▸ Work instruction:
All the lines below should be set down exactly, with no picture carried into the copy.

▸ Stored data:
━━━
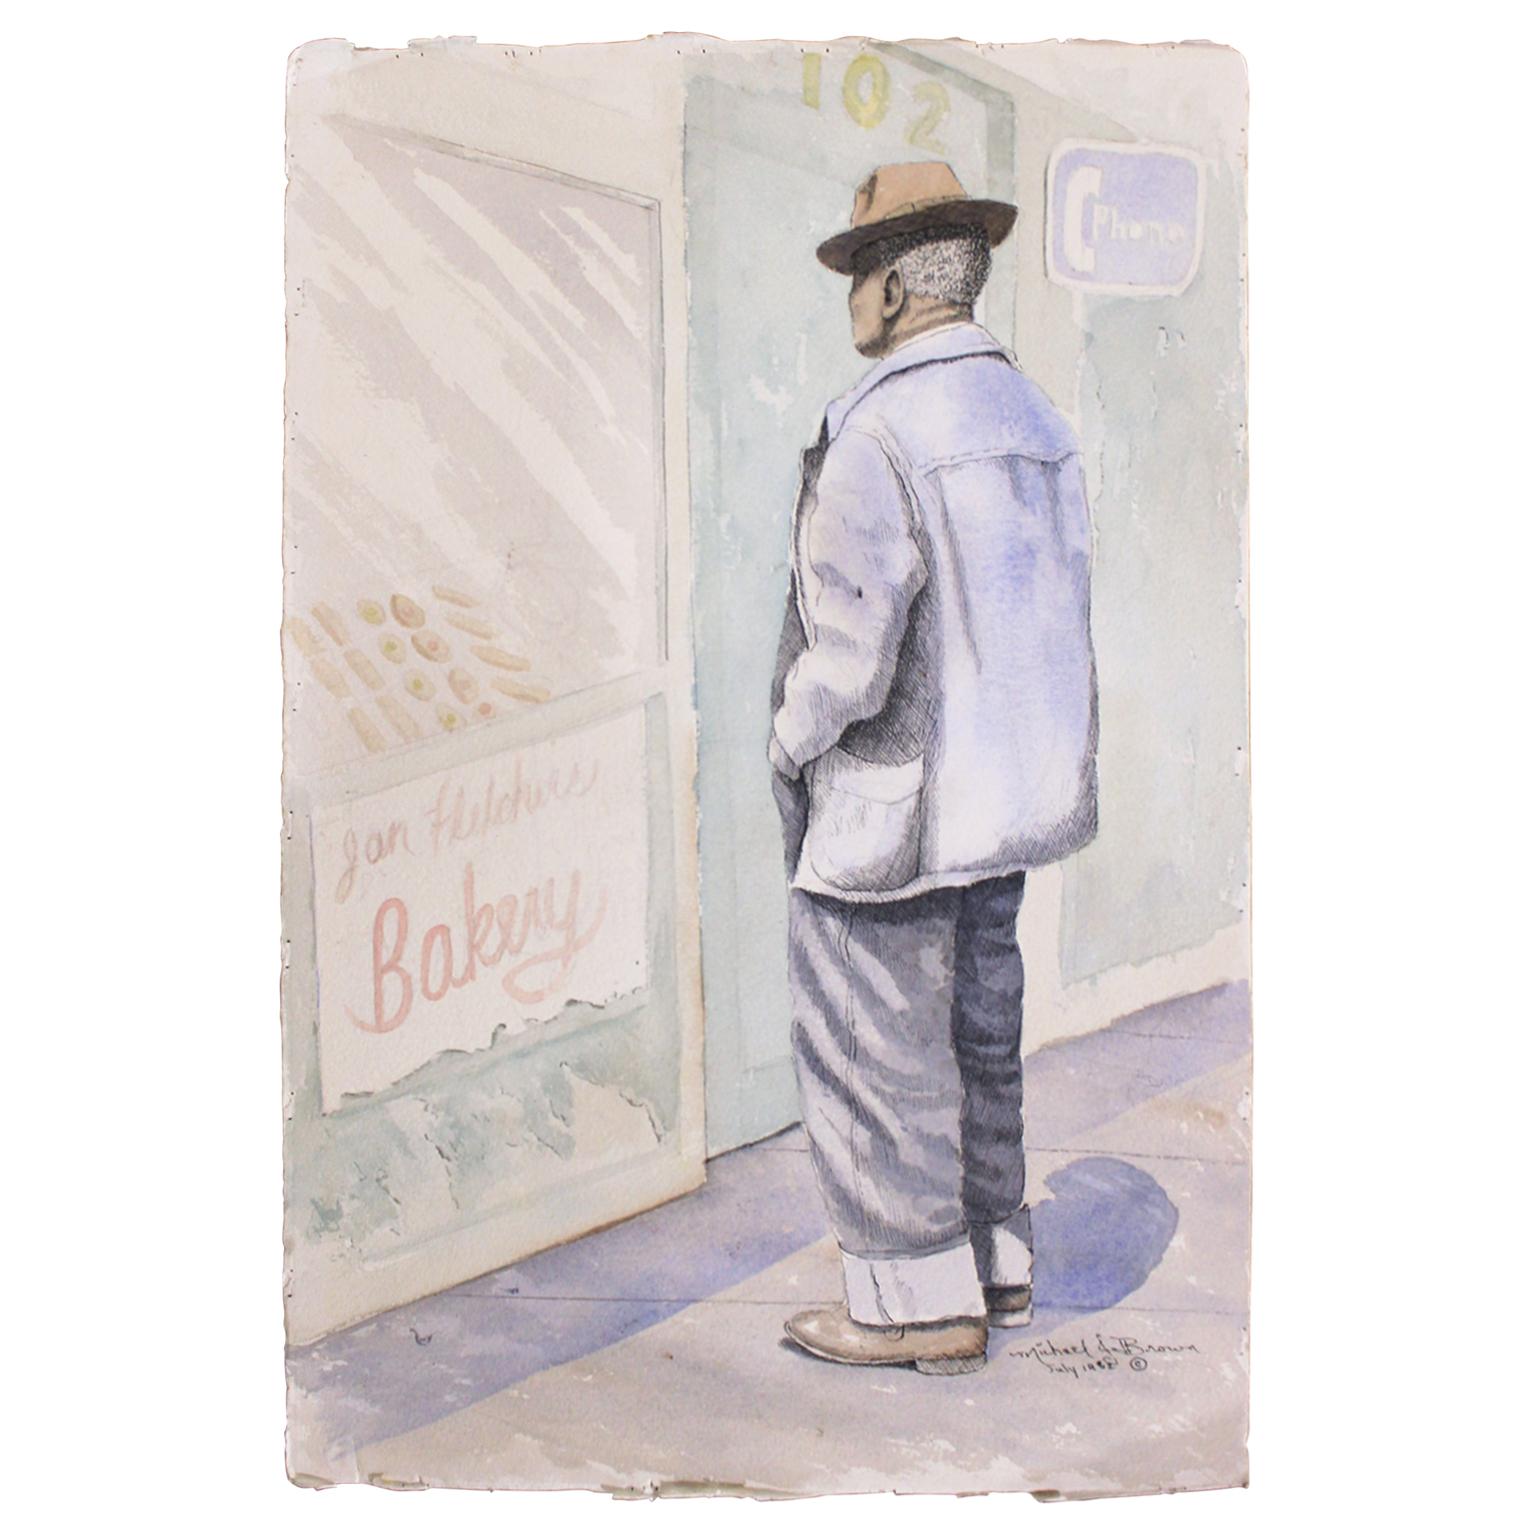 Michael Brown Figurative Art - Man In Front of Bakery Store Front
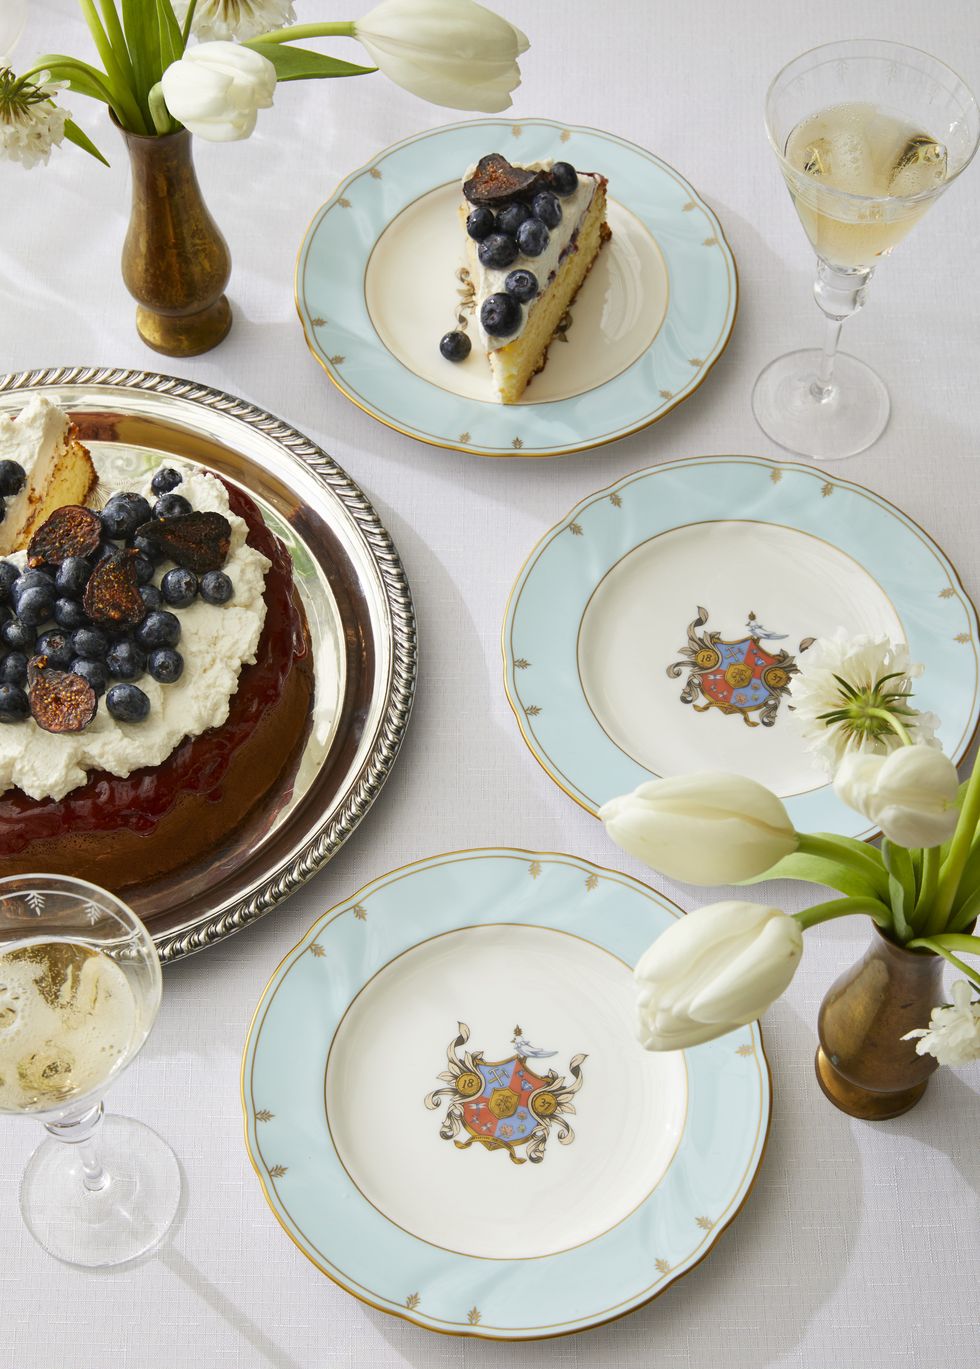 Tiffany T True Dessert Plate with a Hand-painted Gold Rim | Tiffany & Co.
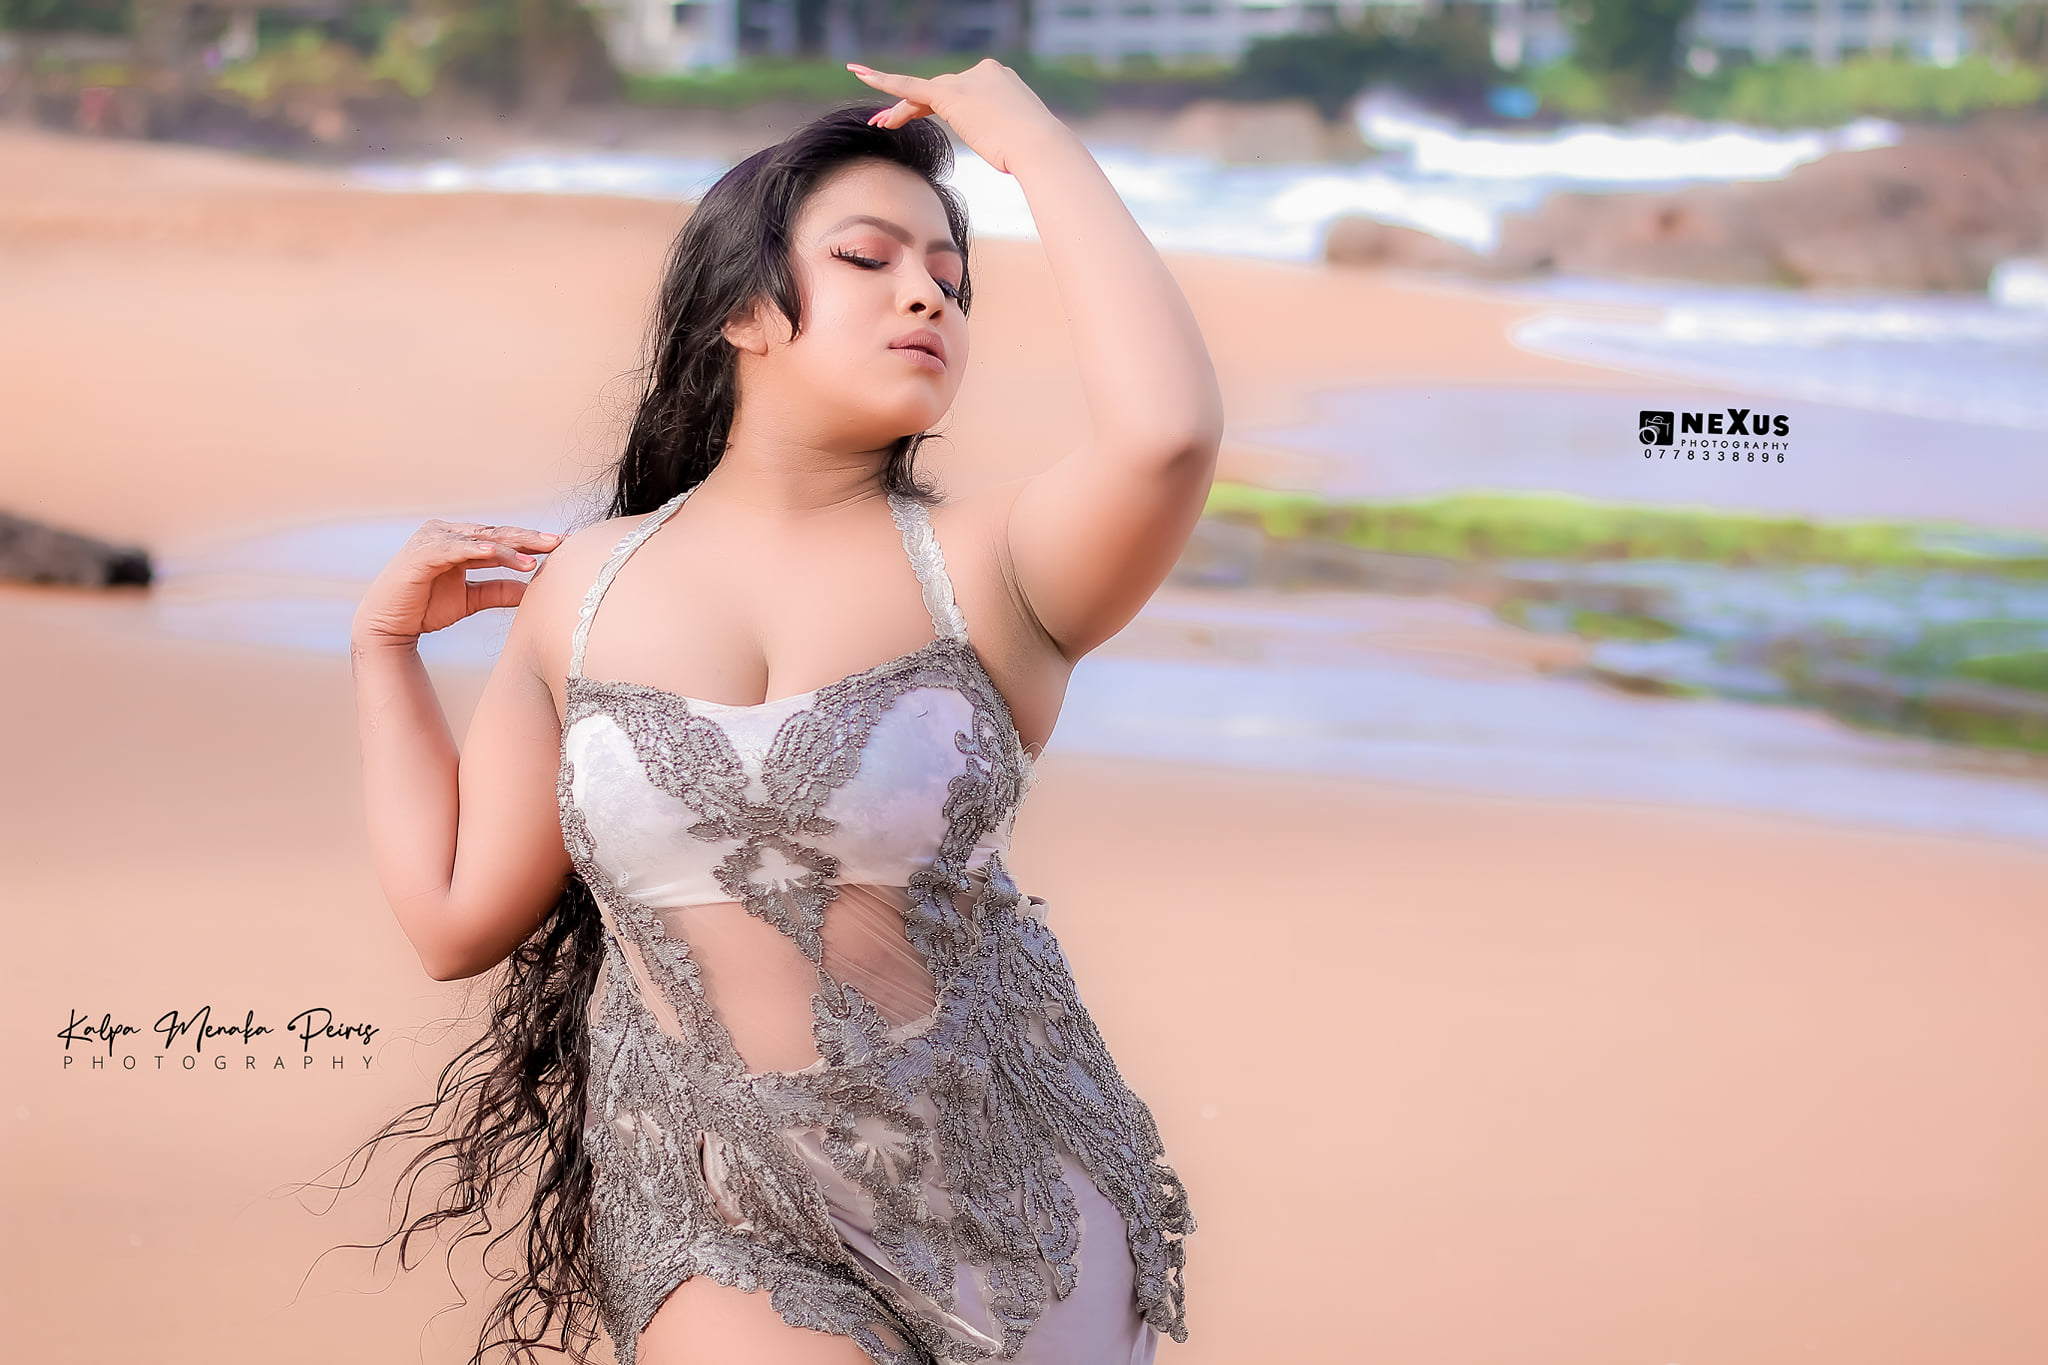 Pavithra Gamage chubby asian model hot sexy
━━━
▸ Response for this exercise:
 Michael Brown Figurative Art - Man In Front of Bakery Store Front
 Tiffany T True Dessert Plate with a Hand-painted Gold Rim | Tiffany & Co.
 Pavithra Gamage chubby asian model hot sexy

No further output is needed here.